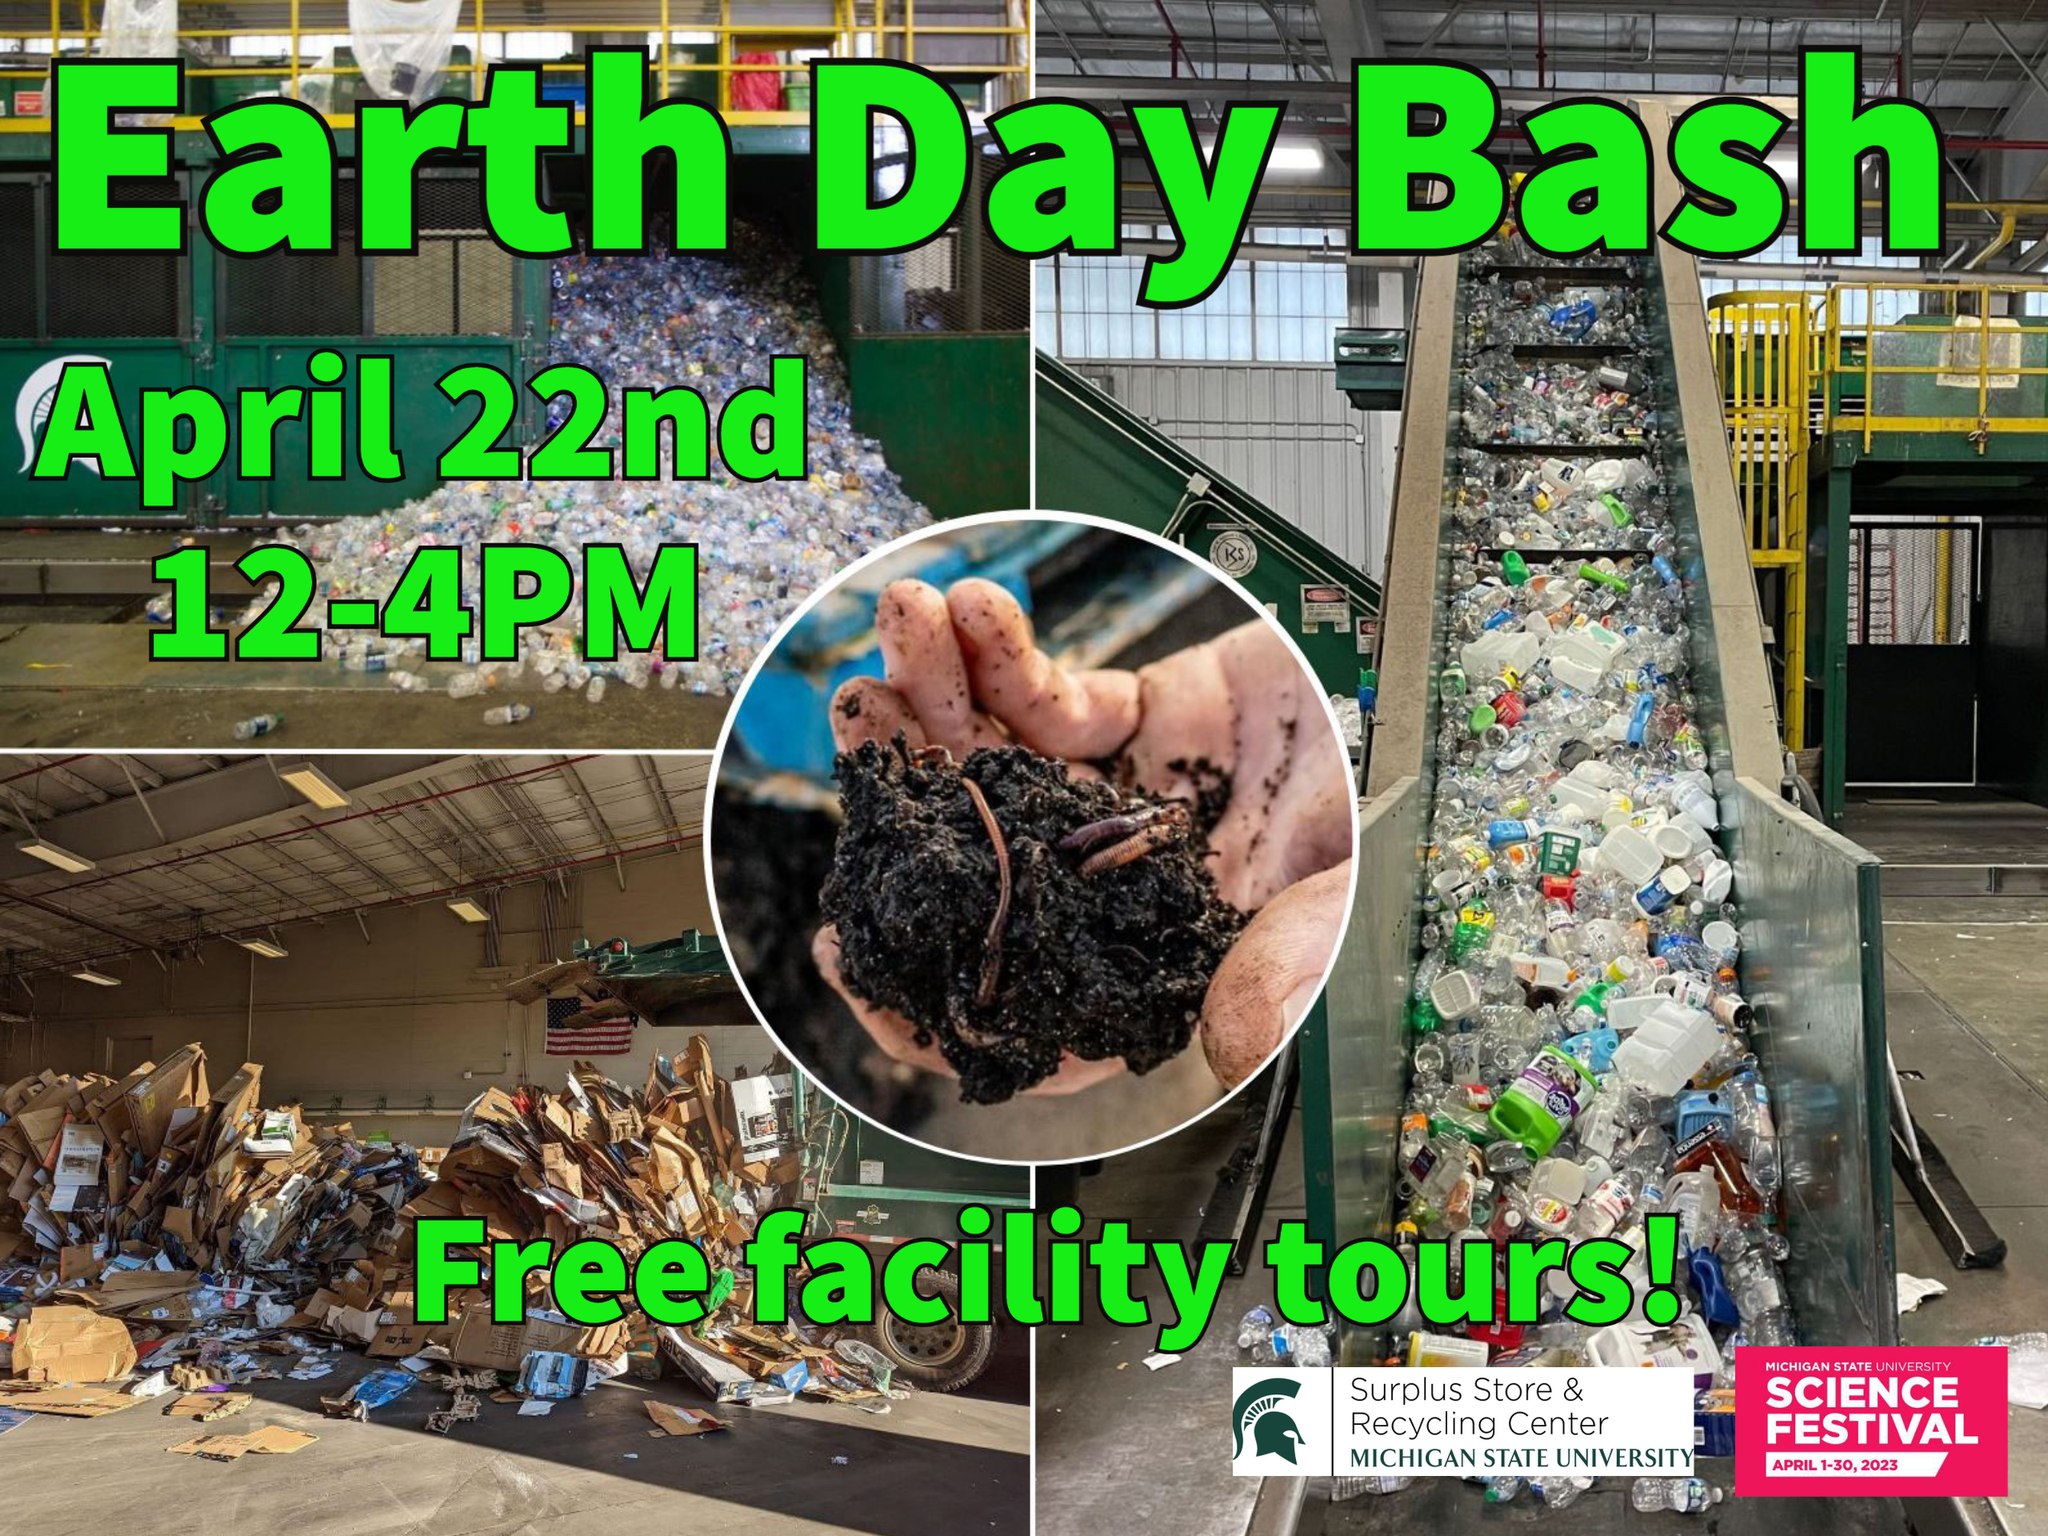 Earth Day Bash April 22 12-4 pm Free Facility tours! Surplus Store and Recycling Center. Science Festival.
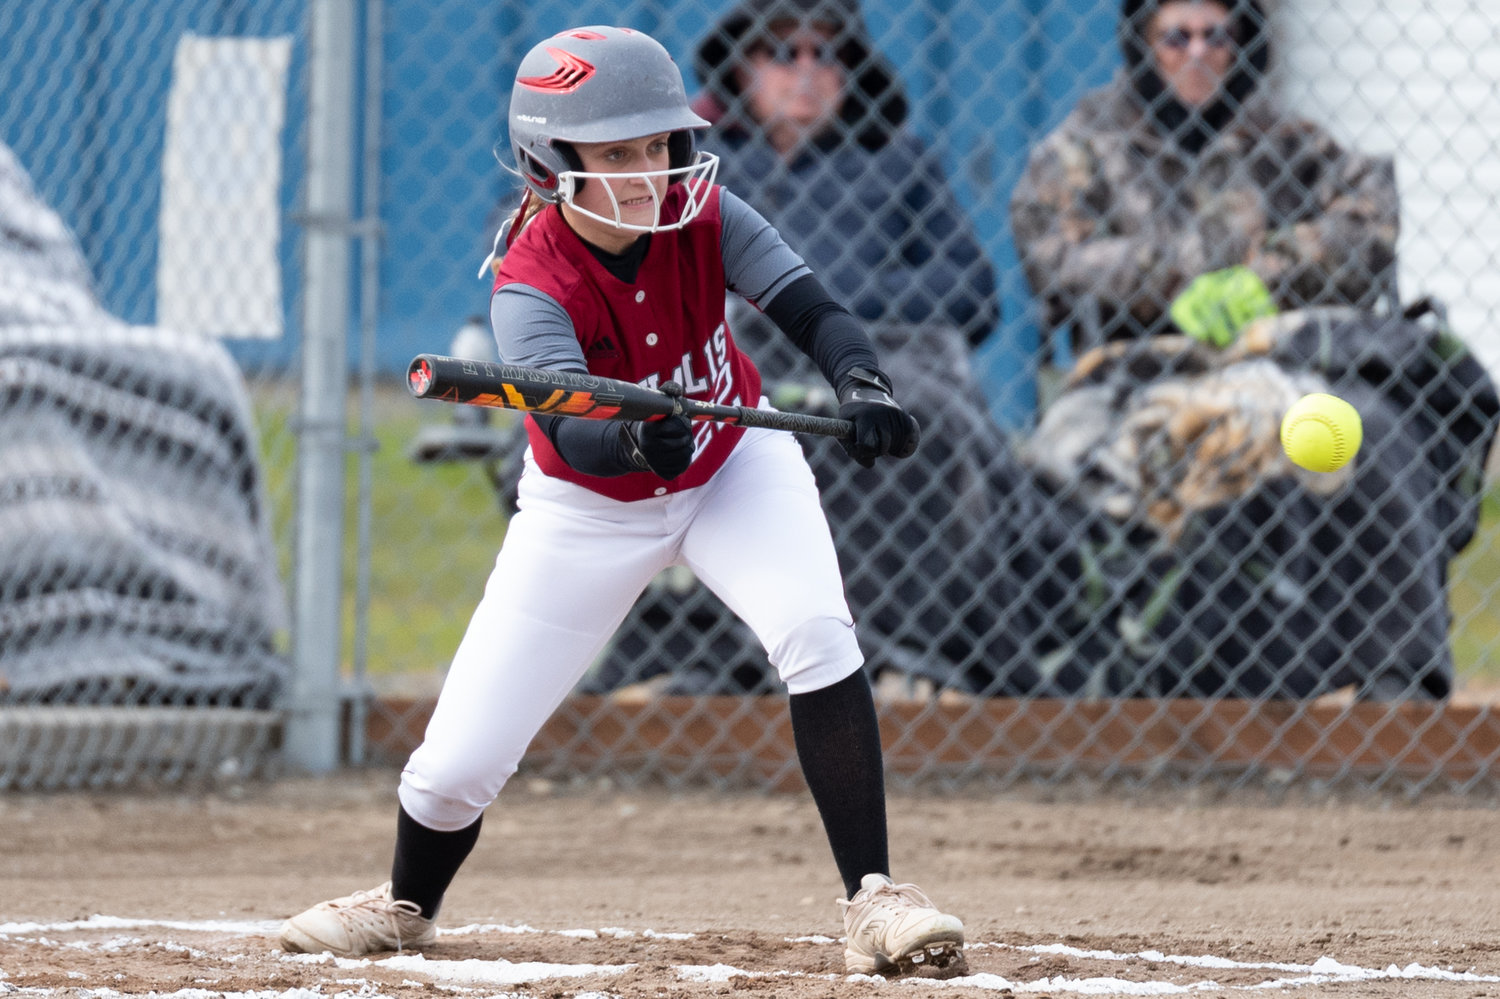 W.F. West infielder Avalon Myers looks to bunt against Rochester April 29.
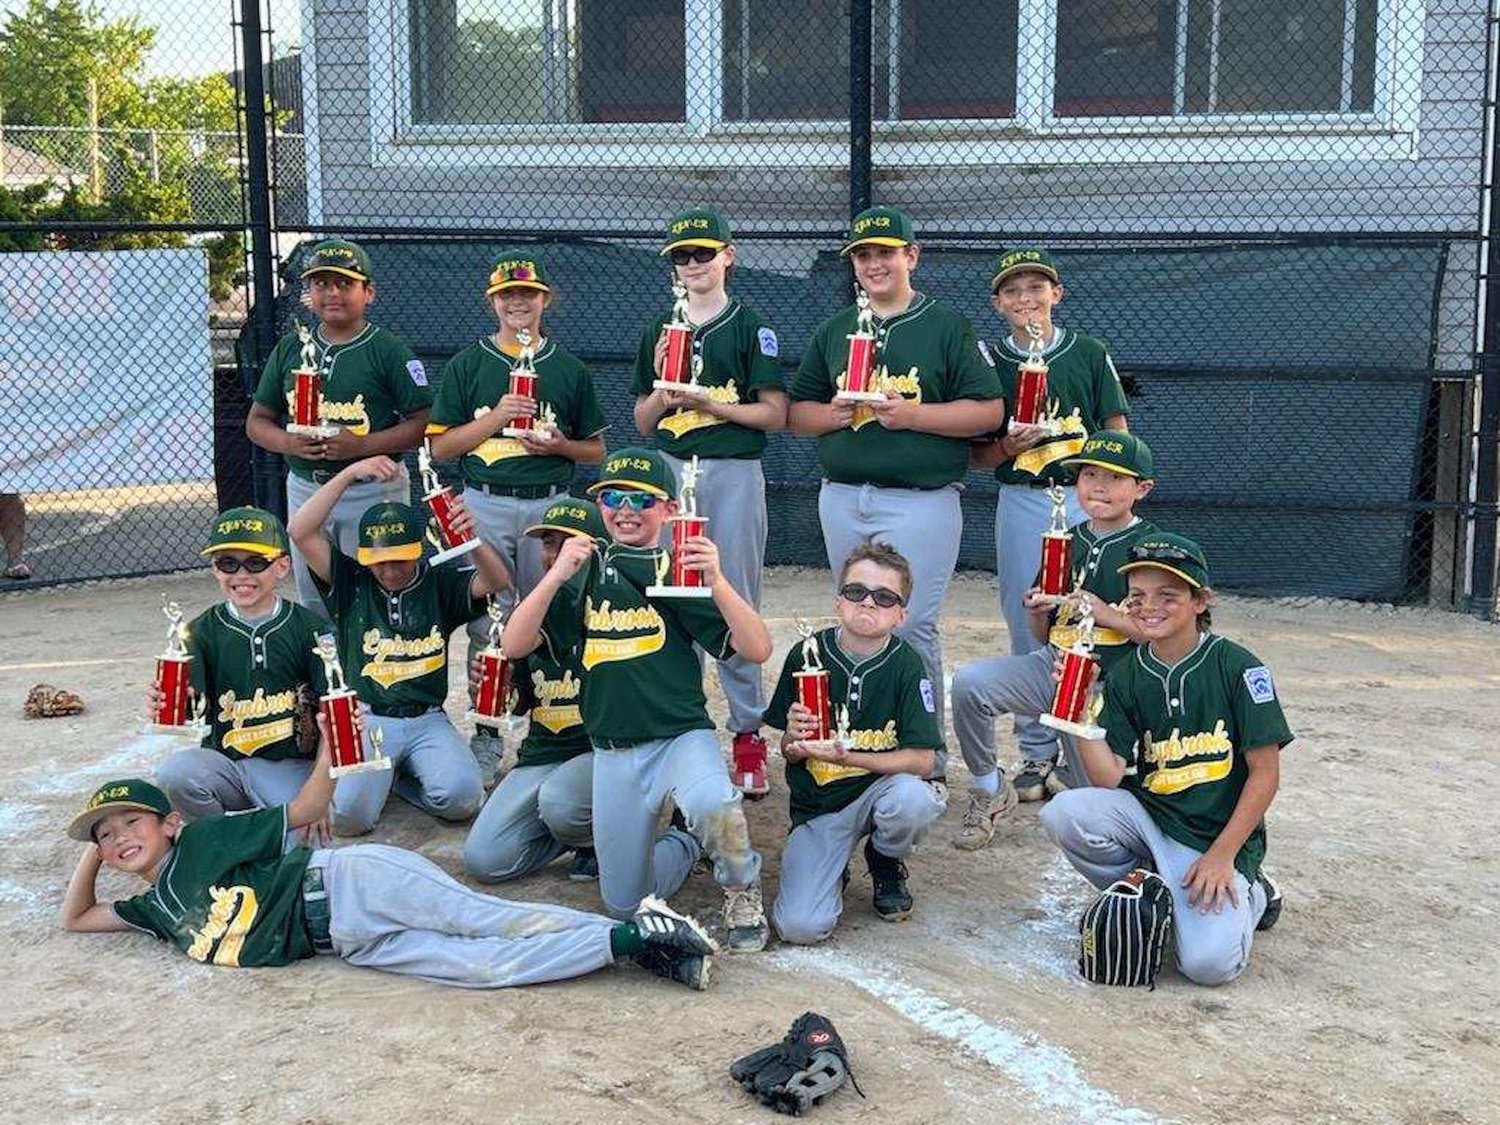 It’s been a few weeks since the Lynbrook/East Rockaway 11u Little League team won their district, but that didn’t stop Lynbrook village officials from honoring their victory late last month.
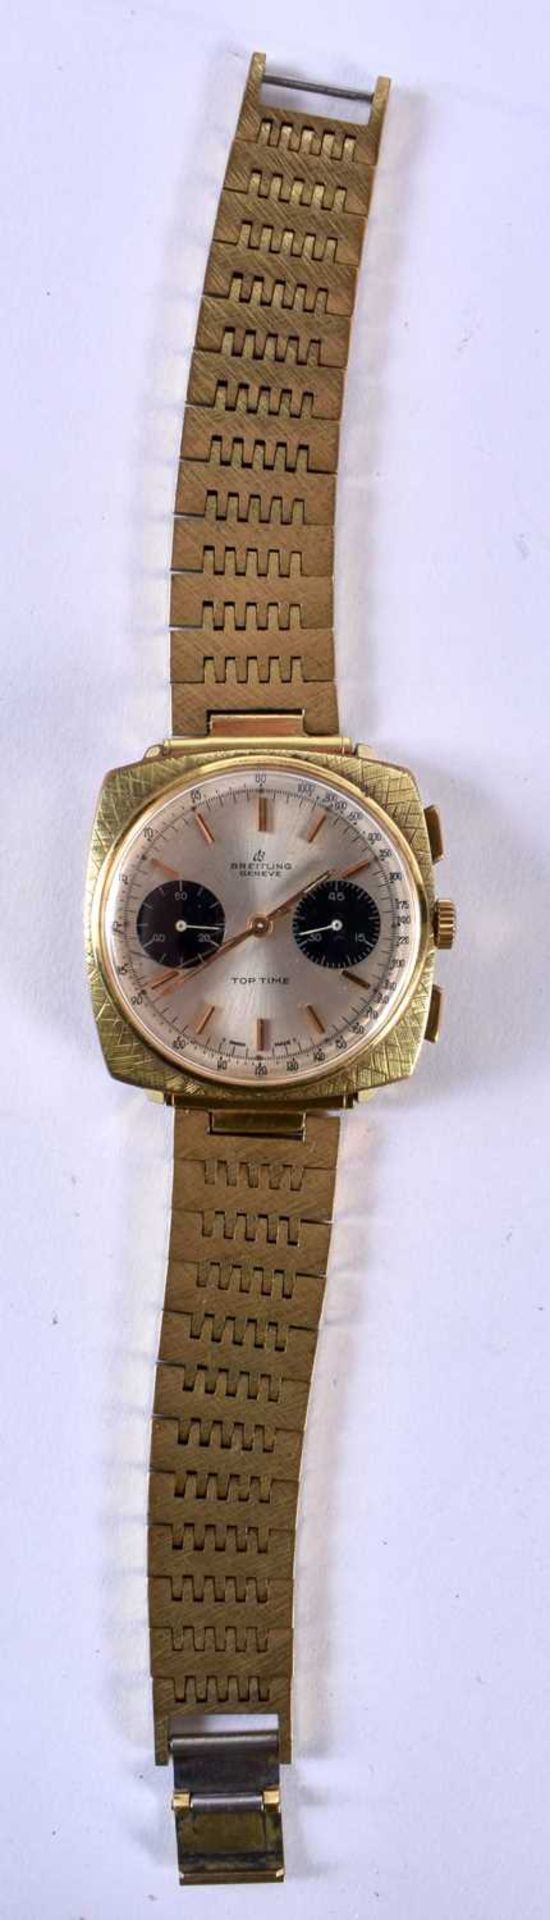 Vintage Breitling Top Time Chronograph Men's Watch Ref 2009.  Dial 3.5cm incl crown, working - Image 2 of 5
********
_Problem details_. Restate exactly, please, only the lines between the start of the data and the line containing "W.F. West infielder", both ends included, skipping the pictures.

_Task answer_.
 Earth Day Bash April 22 12-4 pm Free Facility tours! Surplus Store and Recycling Center. Science Festival.
 W.F. West infielder Avalon Myers looks to bunt against Rochester April 29.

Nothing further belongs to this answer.